拓海先生、最近部下から『病理画像にAIを入れるべきだ』と聞きまして、正直何が進んでいるのか分からず困っています。今回の論文は何を新しくしたものなのですか。

素晴らしい着眼点ですね!端的に言うと、この研究は高解像度の細胞情報と広い文脈情報を順に学習することで、全スライド画像(Whole-slide images、WSI)を正確に分類できるようにした研究ですよ。

全スライド画像というのは、病理でスライド全体をスキャンしたデータのことでしょうか。うちの現場で撮る写真と何が違うのか想像がつきません。

そのとおりです。WSIは非常に大きく高解像度なので、細胞レベルの情報(小さい領域)と組織全体の配置(広い領域)の両方を見る必要があります。身近なたとえだと、一枚の地図で市街地の通り一本を見るのと、都市全体の地形を見るのを同時にやるようなものです。

なるほど。で、それをどうやってAIに覚えさせるのですか。うちで人を増やすのに比べて投資対効果はどうなんでしょうか。

いい質問です。要点を三つで整理しますね。まずは細部を捉える深いモデルで細胞情報を学習すること、次にその出力を大きな領域のモデルに渡して文脈を学ばせること、最後に臨床的に近いWSIそのものを使って評価したことです。これでヒトの判断を補助する精度が出るんです。

それは実務で使えるレベルなんでしょうか。現場は色んな良性病変もあるし、全部を機械に任せられるとも思えません。

そこが肝です。論文では非悪性(non-malignant)クラスに実際の臨床で見る良性病変を多く含めており、現実の混ざったデータで評価しています。つまり実臨床に近い条件で性能が出ているという点が現場導入の現実性を高めますよ。

技術的には何が新しいんでしょうか。Deep Learningはもう色々あるはずですが、これって要するに局所情報と文脈情報を組み合わせることで正確に分類できるということ?

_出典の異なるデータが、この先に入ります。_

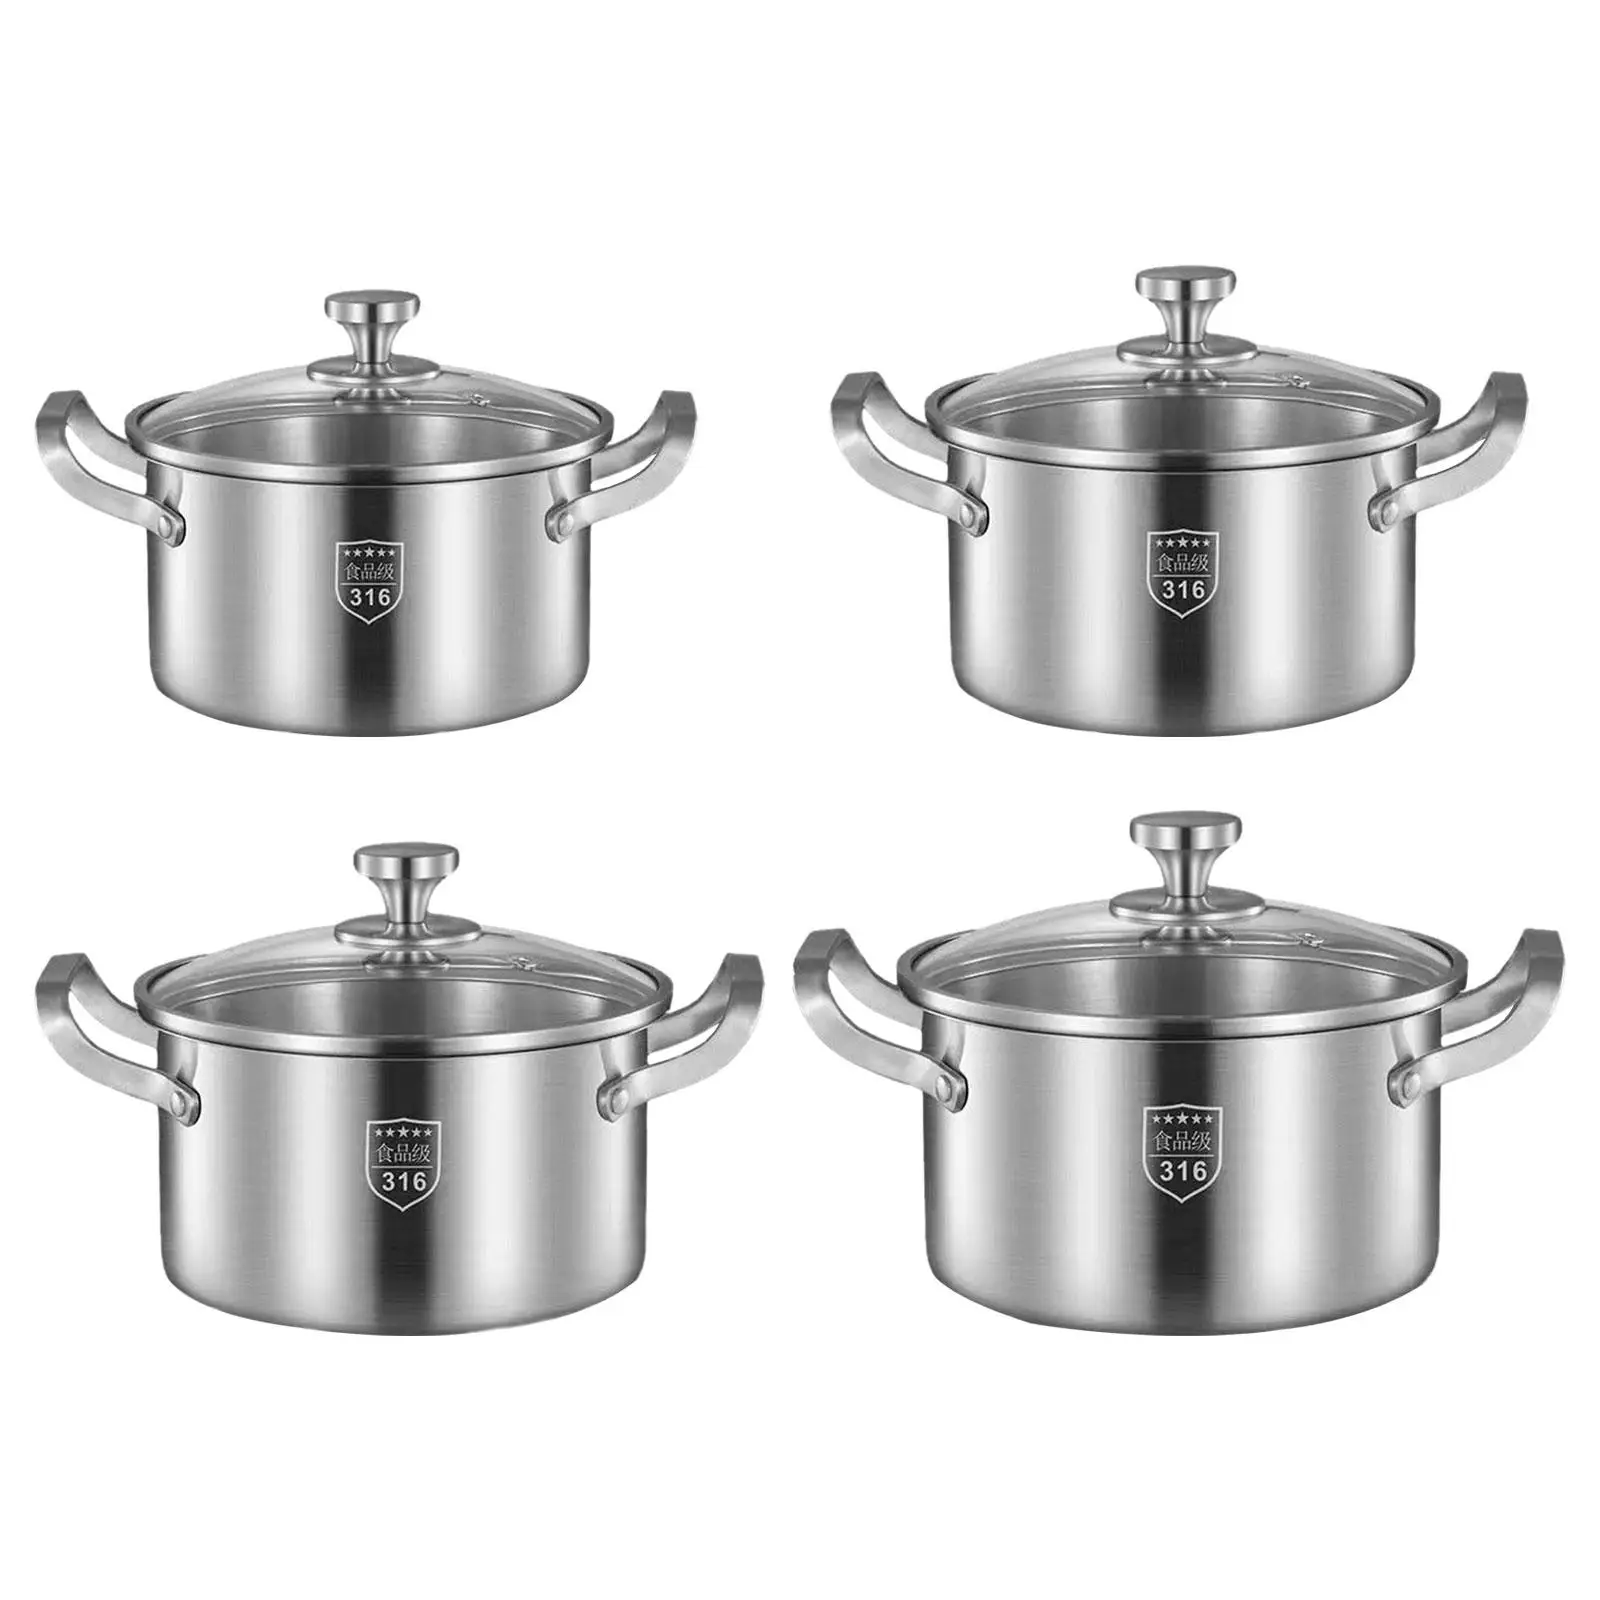 Soup Pot Cookware Portable Works Nonstick Pan Cooking Tools Stockpot with Lid Kitchen Pot for Home Bar Restaurant Kitchen

まさにそのとおりです!技術的にはConvolutional Neural Network(CNN、畳み込みニューラルネットワーク)のスタック構造で、まず高解像度パッチから細胞情報を抽出し、その応答を大きなパッチを扱う二段目のCNNに渡して文脈を学習します。これで細部と全体の関係性を同時に捉えられるんです。

導入のコストと運用はどう考えればいいですか。うちのITは弱いので、特別な設備や人材が無くても扱えるのか気になります。

安心してください。要点を三つで整理します。まず初期はクラウドや外部サービスでモデルを借りる想定でも良いこと、次に運用は人とAIの分担設計で現場負荷を抑えること、最後に検証フェーズを設けることで導入リスクを低くできることです。一緒に段階を踏めば必ず導入できますよ。

わかりました。最後に、要点を私の言葉で整理してみます。細かい細胞情報をまず学ばせ、それを広い文脈で再学習して臨床的に近いWSIで評価することで、現場で使える精度が出るということですね。